Example: Fibonacci Sequence
Let’s apply the template to a Fibonacci problem as an example:
Memo = {}
Function TopDown(n):
if n in Memo:
return Memo[n]
if n <= 1:
return n
Result = TopDown(n-1) + TopDown(n-2)
Memo[n] = Result
return Result
Function Main():
n = 10 // Define the Fibonacci number to calculate
FinalResult = TopDown(n)
Print(FinalResult)
Example: Coin Change (Minimum Coins)
Now, let’s apply the template to the Coin Change problem:
Memo = {}
Function CoinChange(coins, amount):
if amount == 0:
return 0
if amount in Memo:
return Memo[amount]
Result = INF
for each coin in coins:
if amount - coin >= 0:
SubResult = CoinChange(coins, amount - coin)
if SubResult != INF:
Result = Min(Result, SubResult + 1)
Memo[amount] = Result
return Result
Function Main():
coins = [1, 2, 5]
amount = 11
FinalResult = CoinChange(coins, amount)
if FinalResult == INF:
Print("No solution")
else:
Print("Minimum coins:", FinalResult)
1. Minimum (Maximum) Path to Reach a Target
- Problem Statement: Given a target, find the minimum (or maximum) cost/path/sum to reach the target.

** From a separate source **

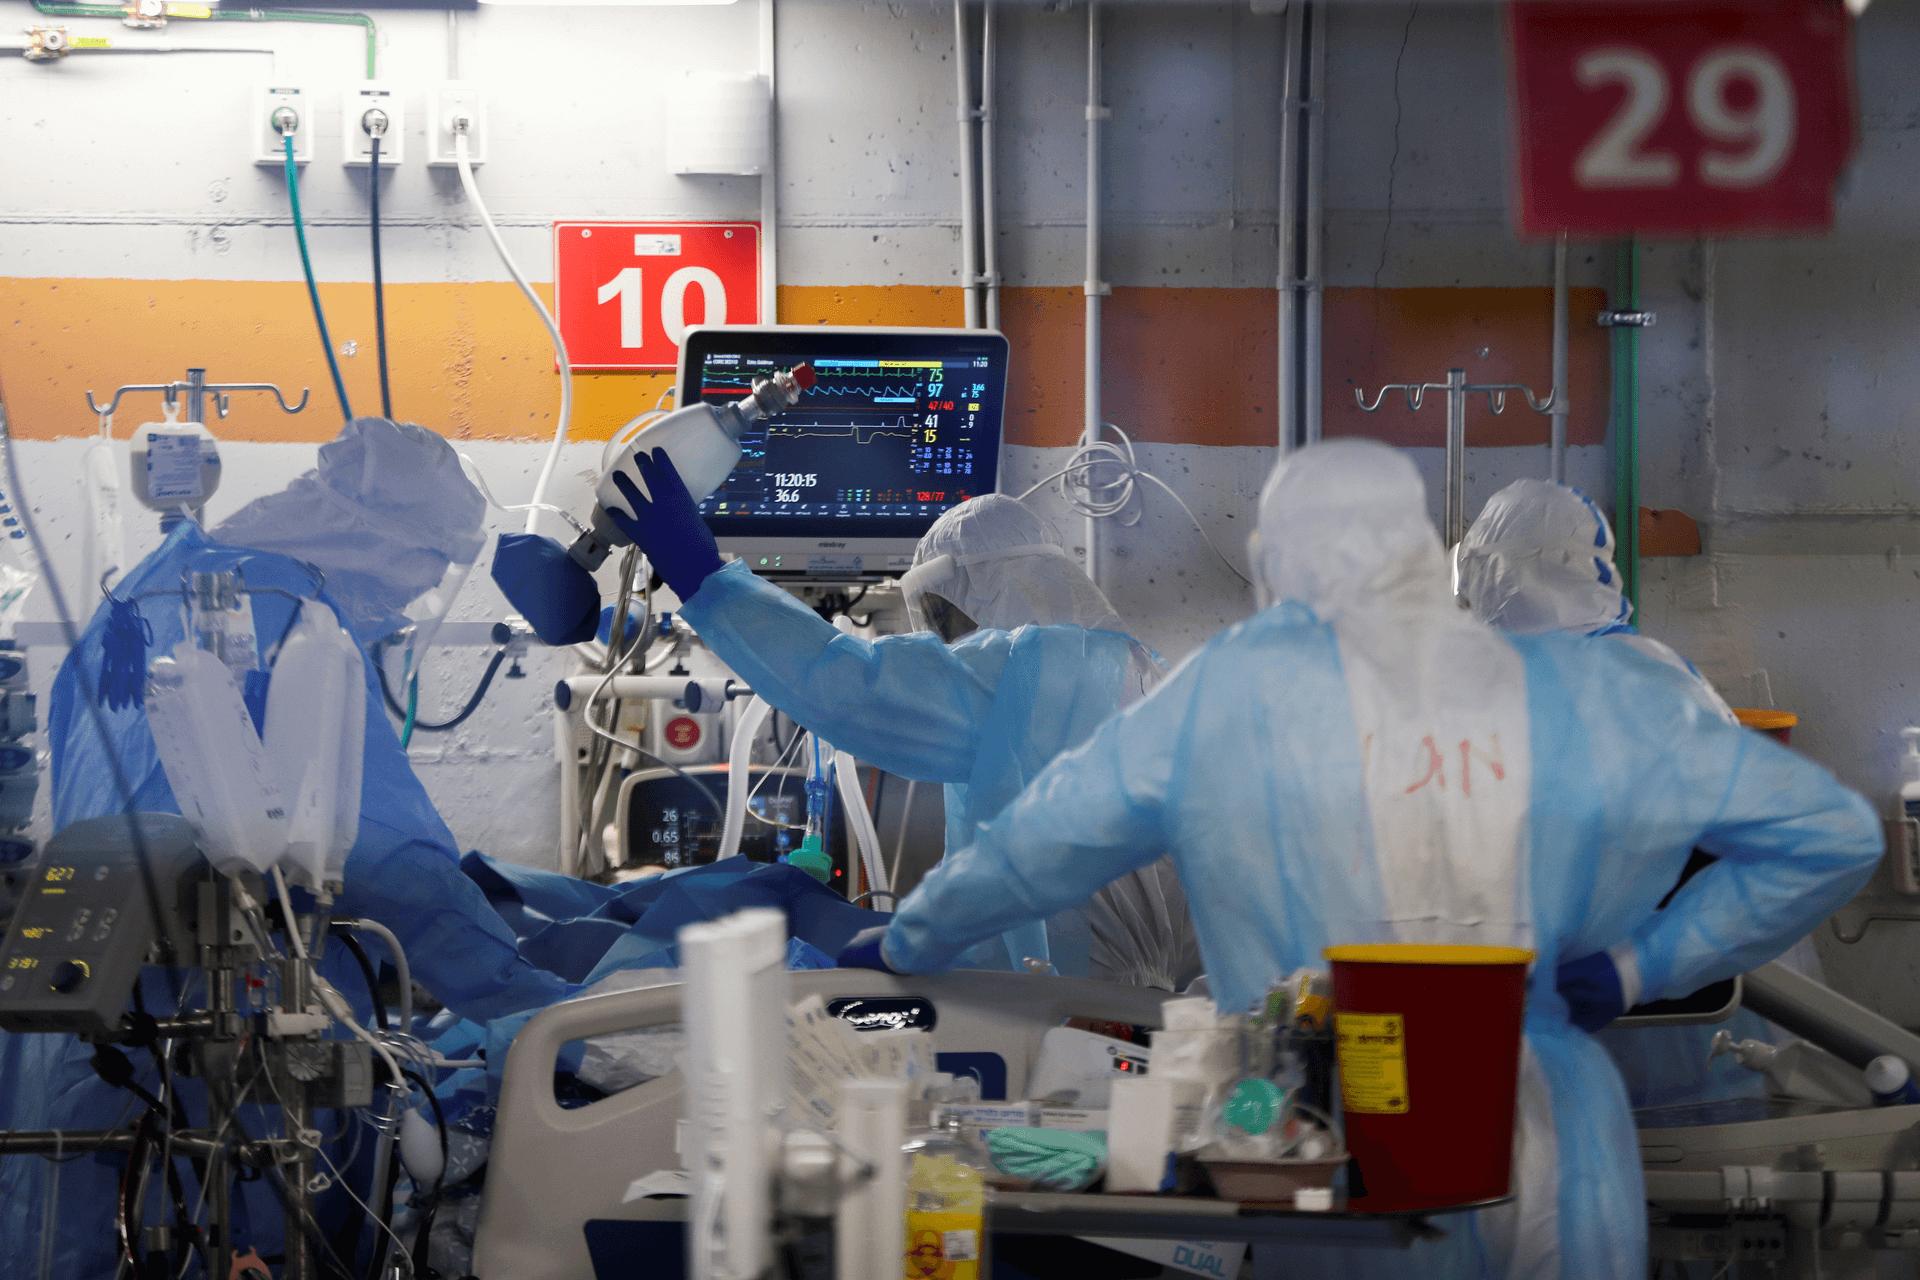 מצב חירום במחלקת קורונה במרכז הרפואי שיבא החודש. צילום: רויטרס

- Top-Down Approach: Recursively compute the minimum (or maximum) cost for each possible path to the target, memoizing intermediate results to avoid redundant calculations.

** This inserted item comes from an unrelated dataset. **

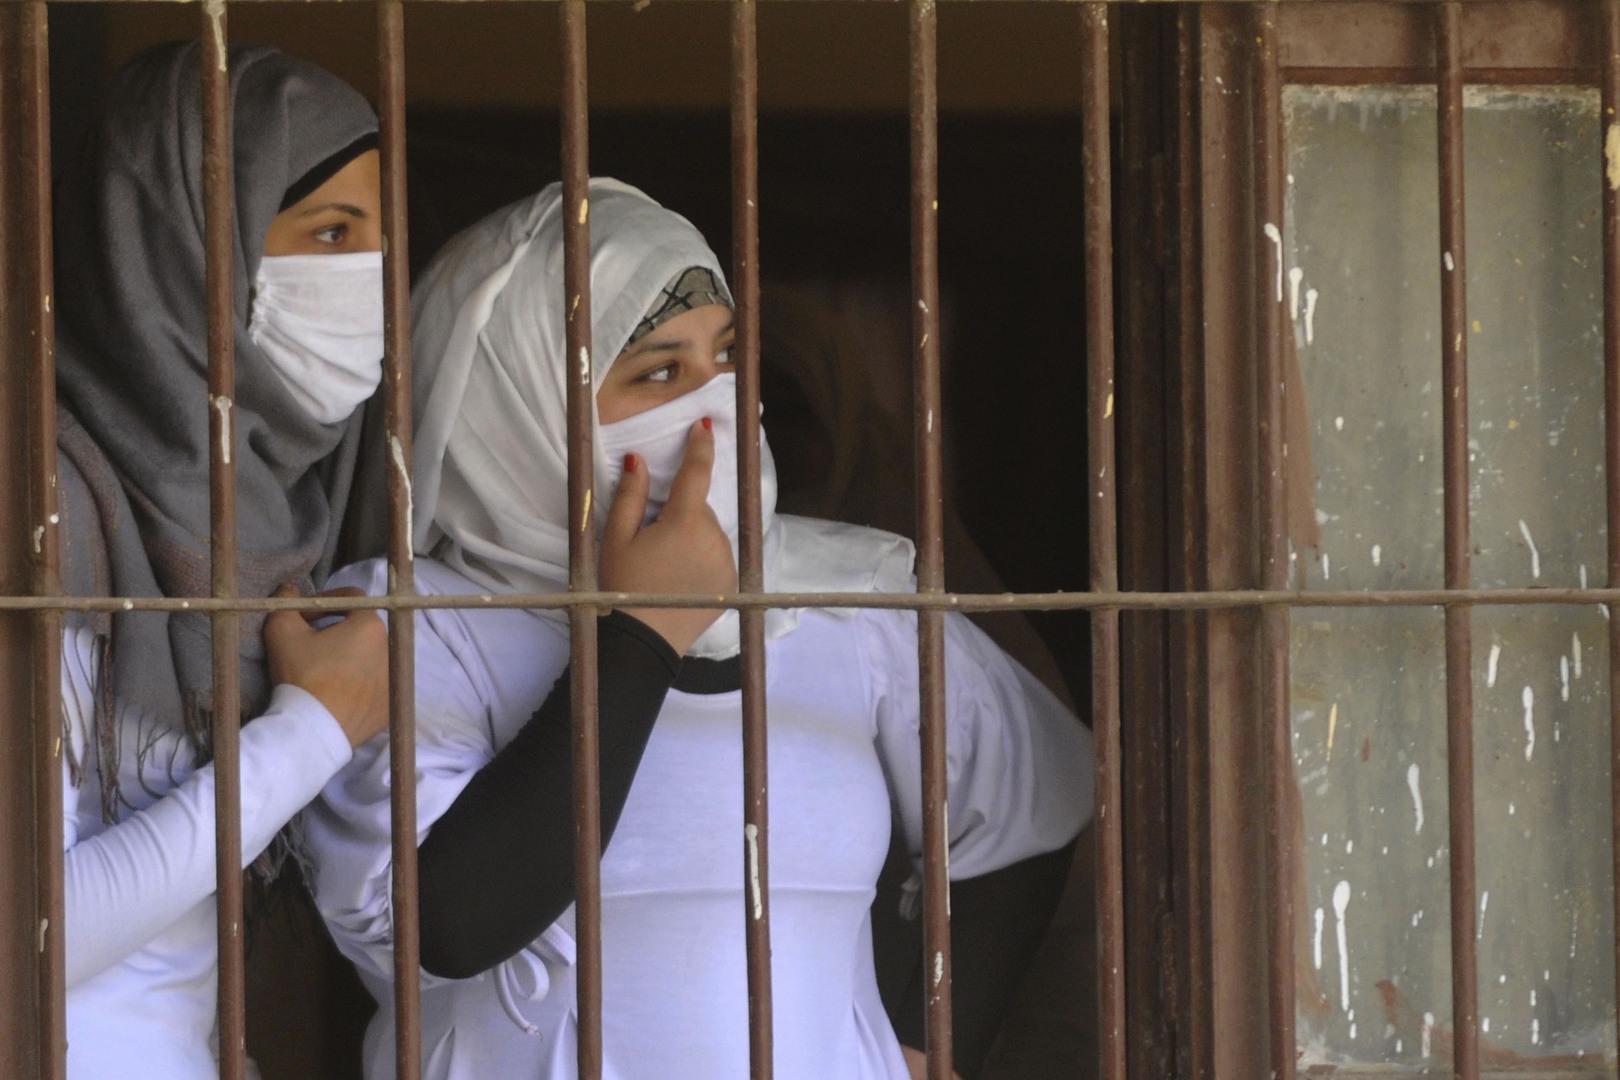 مصر تعلن شفاء مصابين بفيروس كورونا وخروجهم من العزل الصحي

for (int j = 0; j < ways.size(); ++j) { result = min(result, topDown(target - ways[j]) + cost/path/sum); } return memo[state] = result;
2. Distinct Ways
- Problem Statement: Given a target, find the number of distinct ways to reach the target.
- Top-Down Approach: Recursively calculate the sum of all possible ways to reach the target by using subproblems, and memoize the results.
for (int j = 0; j < ways.size(); ++j) { result += topDown(target - ways[j]); } return memo[state] = result;
3. Merging Intervals
- Problem Statement: Given a set of intervals or numbers, find an optimal solution considering the current interval and the best you can get from the left and right sides.
- Top-Down Approach: Use recursion to consider each interval, calculating the optimal result from the left and right sides and combining them.
for (int k = i; k <= j; ++k) { result = max(result, topDown(nums, i, k-1) + result[k] + topDown(nums, k+1, j)); } return memo[state] = result;
4. DP on Strings
- Problem Statement: Given two strings (or a string), return some result (e.g., longest common subsequence, edit distance).
- Top-Down Approach: Use two nested loops to compare characters from both strings, solving smaller subproblems recursively and memoizing results to avoid recomputation.
for (int i = 1; i <= n; ++i) { for (int j = 1; j <= m; ++j) { if (s1[i-1] == s2[j-1]) { dp[i][j] = dp[i-1][j-1] + 1; } else { dp[i][j] = max(dp[i-1][j], dp[i][j-1]); } } }
5. Decision Making
- Problem Statement: Given a set of values, decide whether to use or ignore the current value based on previous results.
- Top-Down Approach: Recursively decide whether to include or exclude the current value based on the optimal solution for subproblems, memoizing the results.
for (int i = 1; i < n; ++i) { dp[i][j] = max({dp[i][j], dp[i-1][j] + arr[i], dp[i-1][j-1]}); }
For each pattern, the general idea in the top-down approach is to define a recursive function that computes the result by breaking down the problem into smaller subproblems, using memoization to store intermediate results. This avoids recomputation and optimizes the solution for large inputs.